The Road to Rome begins right where The Silver Eagle left off: In Alexandria, Egypt where Romulus and Tarquinius have finally arrived following years abroad after serving in Crassus’ disastrous campaign to tame the Parthian Empire. Press-ganged into Caesar’s legions, Romulus and Tarquinius find themselves embroiled in the Roman Civil War. Forced to fight for their lives against overwhelming Egyptian forces, only the military genius of Caesar and the fighting spirit of his legions ward off annihilation. While Romulus fights for his life with the rest of Caesar’s small expeditionary force, his twin, Fabiola, sets sale from Alexandria and returns home with her lover, Marcus Decimus Brutus. Heartened by what she thought to be a fleeting glimpse of her brother, whom she believed dead along with the rest of Crassus’ ill-fated expedition, once back in Rome Fabiola continues with her obsessive quest to murder Caesar.
What makes The Road to Rome different from other historical novels involving Julius Caesar’s demise is the prism through which the drama unfolds. Convinced that Caesar is their father (the twins’ mother was raped by a Roman nobleman) and therefore responsible for her former life as a slave and prostitute, Fabiola becomes the catalyst for the plot to murder Caesar on the Ides of March. Using the wiles gleaned from a life of being forced to have sex with men against her will, Fabiola enlists the help of disaffected nobles such as Marcus Brutus and Cassius Longinus, even while she conducts an affair with Caesar’s most trusted lieutenant, Marcus Antonius, the deadly enemy of her lover. Finally, after years of separation and not truly knowing whether the other twin was alive or dead, the siblings are reunited after Romulus earns his freedom and fortune from none other than Julius Caesar himself. Fabiola wastes no time in recruiting Romulus into the conspiracy to murder Caesar, revealing to Romulus that Caesar was the noble who raped their mother. Faced with the complex emotions and moral conflict of having experienced slavery, life and death in the gladiator pits, the camaraderie of the legions and ultimately freedom and redemption, Romulus finds his relationship with his twin sister under the strain of this turmoil: Romulus loves and respects Caesar, but had previously sworn to kill the man responsible for the rape of their mother and their subsequent enslavement.
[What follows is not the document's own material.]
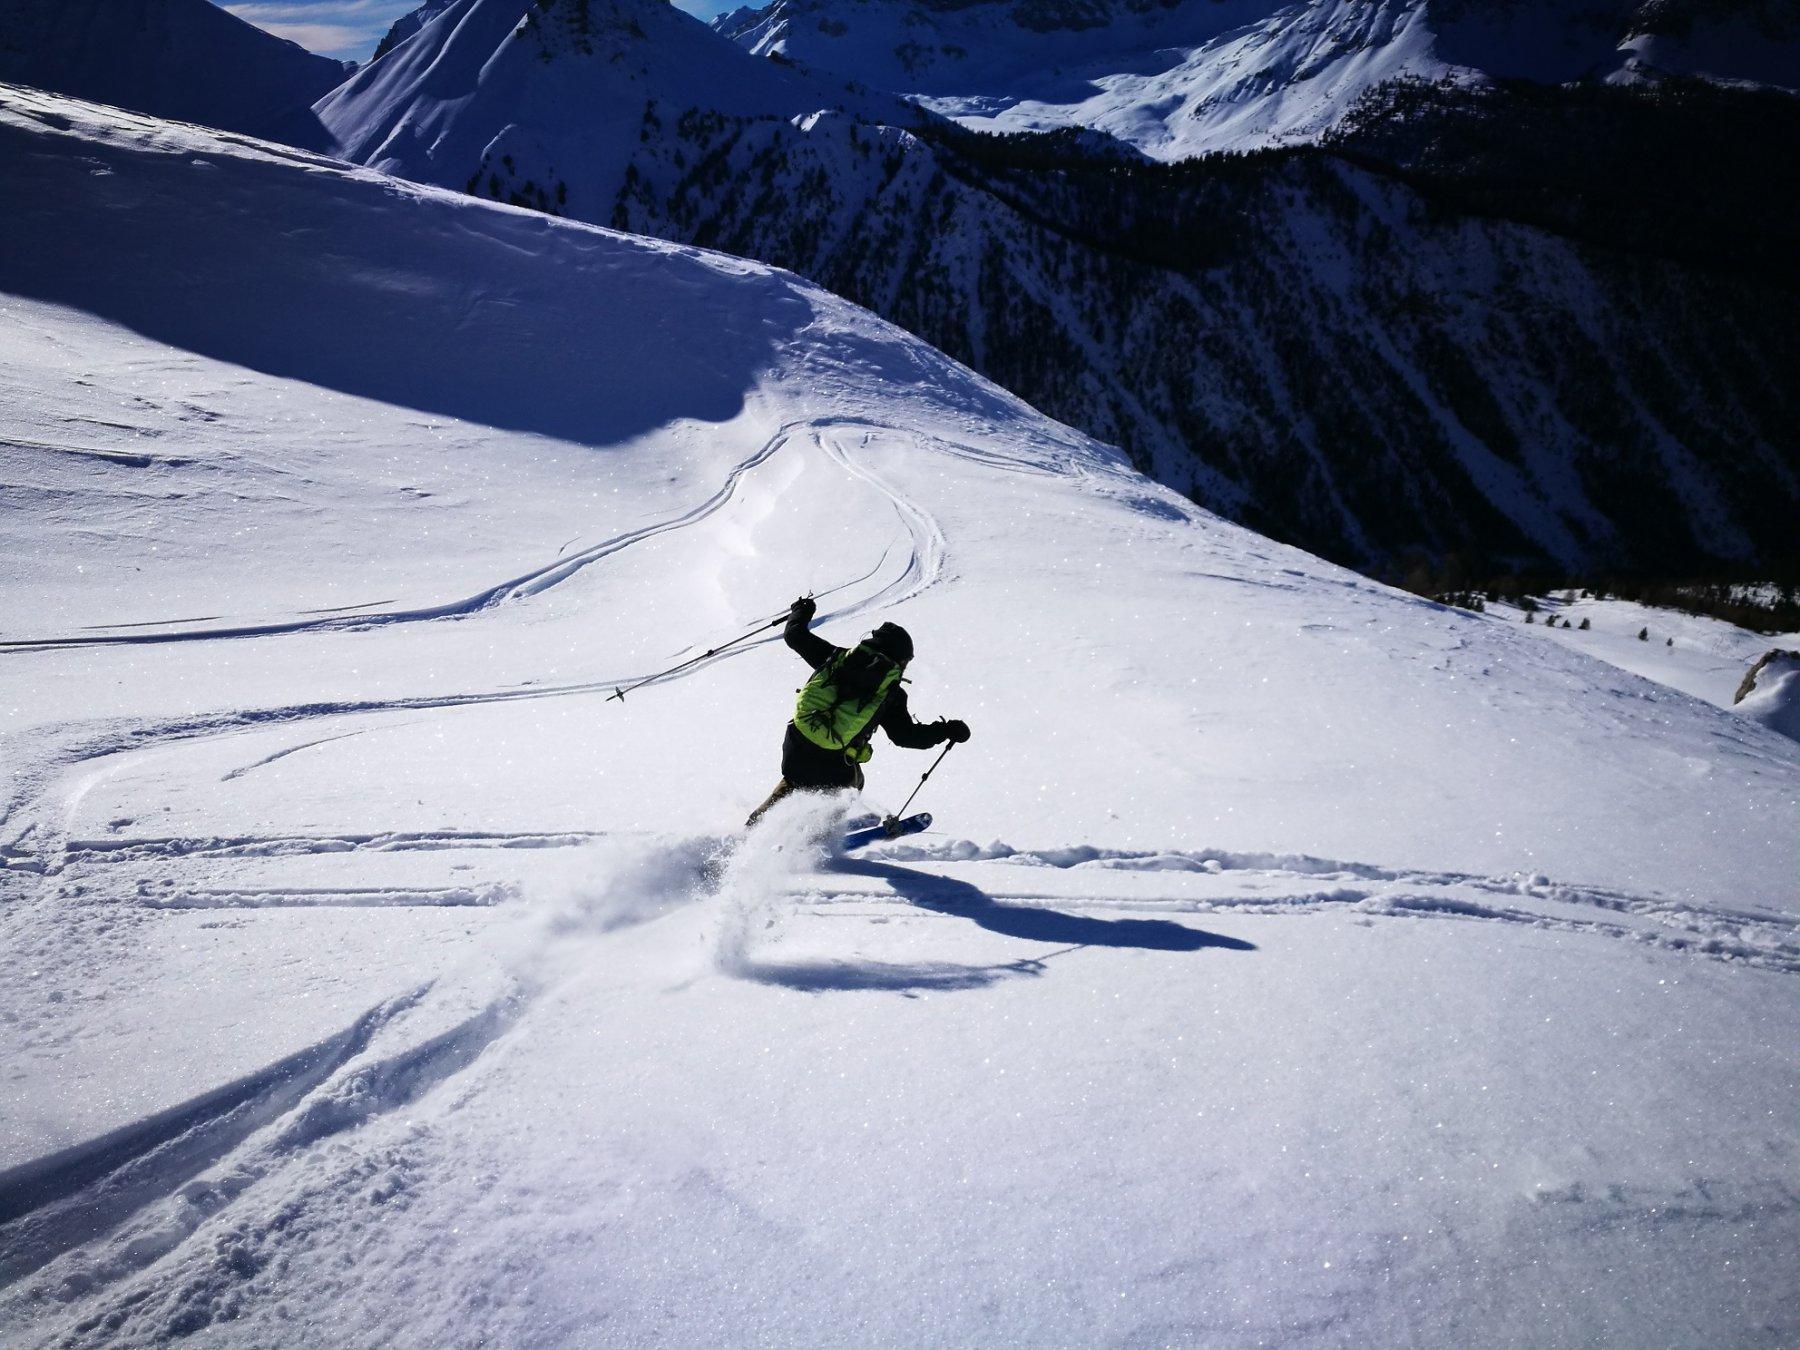 veder sciare Mattia ha il suo perchè

In sum, Ben Kane brilliantly weaves historical nuggets into a taut, riveting historical thriller sure to please those who like their history served with a side of fiction. And in case you are wondering whether you will had to have read the prequels to The Road to Rome, put your mind at ease. This book can stand alone without resort to the previous two novels in the The Forgotten Legion Chronicles, a quality this reviewer considers a must when assessing a series book.